This blog is my attempt to keep track of some of the things I learn along the way, with my Canon 7D, G12 and accessories. All images copyright Brad Calkins, not to be used without permission (or purchase). I do not attempt to monetize my blog, other than to promote my stock photo portfolio on Dreamstime.

Wednesday, December 23, 2009

Do we need a new Sunny 16 rule?

Many photographers who have been around for a while will be familiar with the 'Sunny 16' rule. On a sunny day you set the aperture to f/16, and the shutter speed to 1/(ISO). If you camera is set to ISO 100 you'd use 1/125, or 1/90 as the shutter speed. Rules are useful, as far as they go, and as cameras have had meters added it becomes less useful.

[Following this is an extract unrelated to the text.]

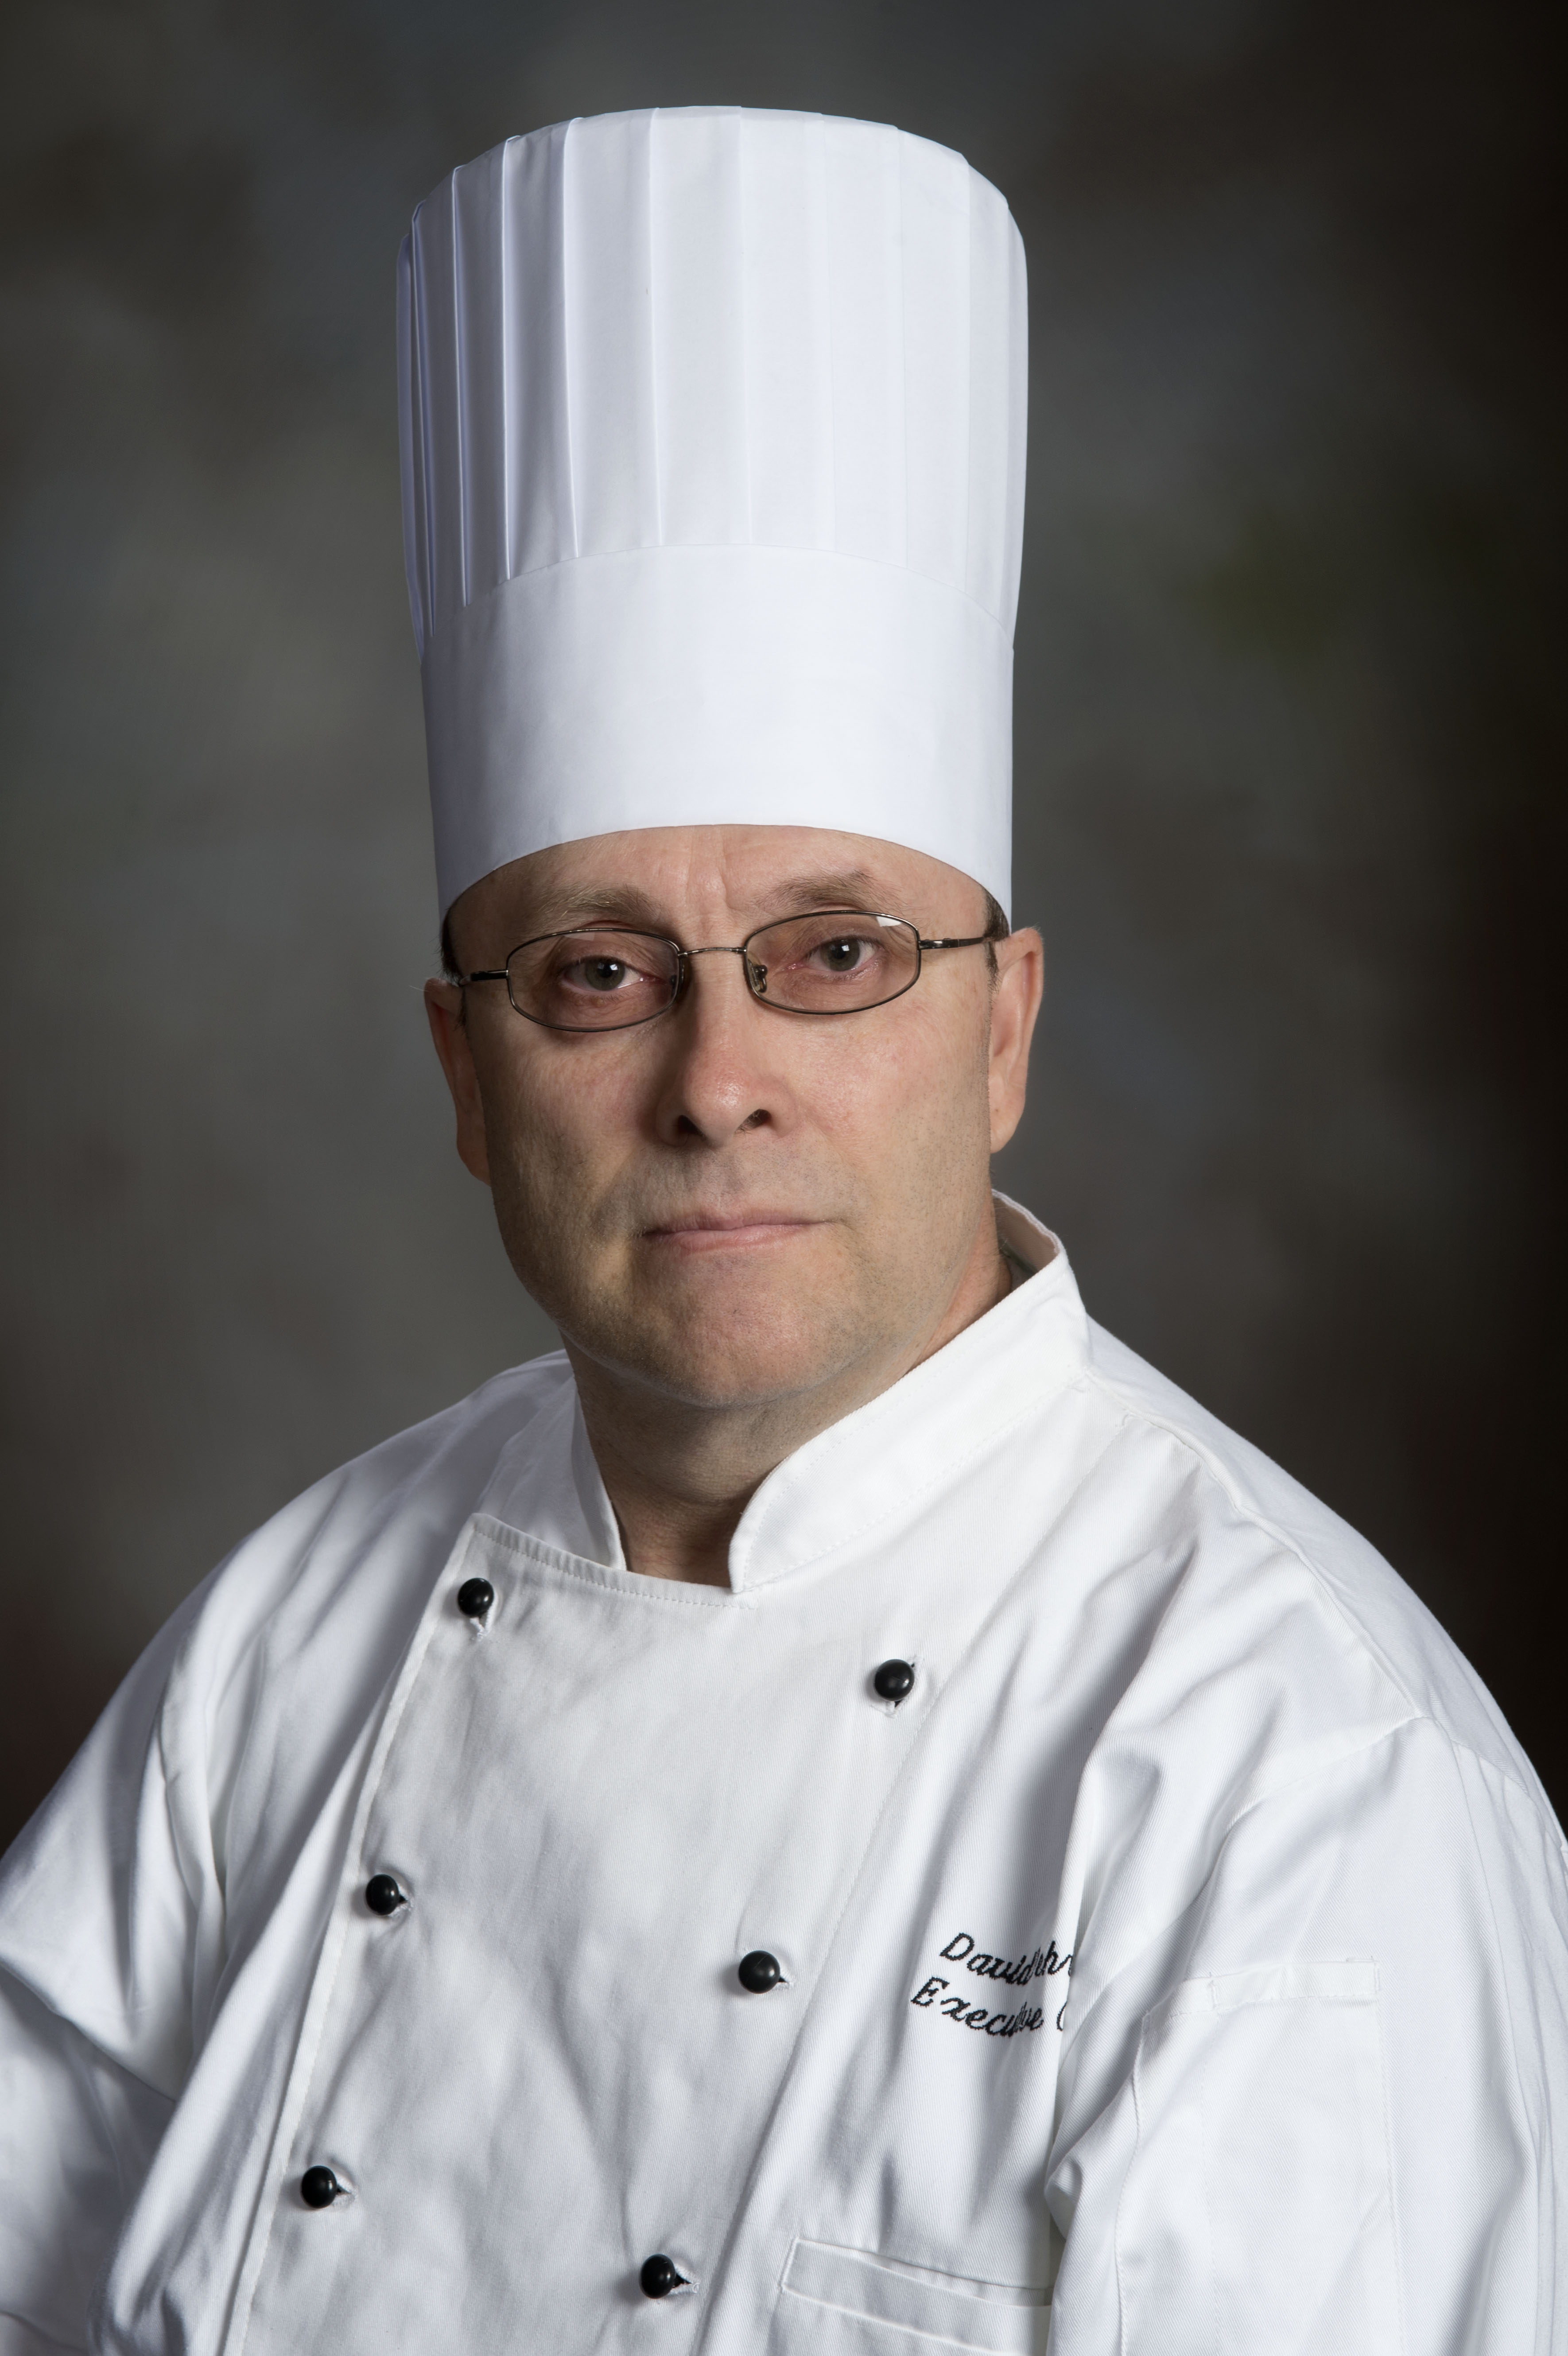 David Oehring, new executive chef -Inn at Virginia Tech and Skelton Conference Center

People do still like to shoot in manual, though, and it is still relevant to have a place to start for exposure - especially for white or black subjects which you'd have to compensate for if you used the meter. I'd like to suggest, however, that the rule needs an update - shooting at f/16 just isn't a good idea with today's digital sensors. Most sensors these days (APS-C or micro 4/3, anyways) start to hit the limits of diffraction by f/16. It is better to shoot at f/8, or even f/5.6. On a digital compact like the G10 you don't even have f/16 as an option! Note that I'm talking about using f/5.6 or f/8 as a starting point - there are good reason to use f/16, even with diffraction...

So here is my new 'Sunny 8' rule:

On a sunny day, set the aperture to f/8 and the shutter to twice the ISO speed.

Note that these days shutter speed are displayed as their reciprocal (at least on my 40D's top LCD and in the viewfinder), so why not lose the 'one over' part and just tell it like you set it!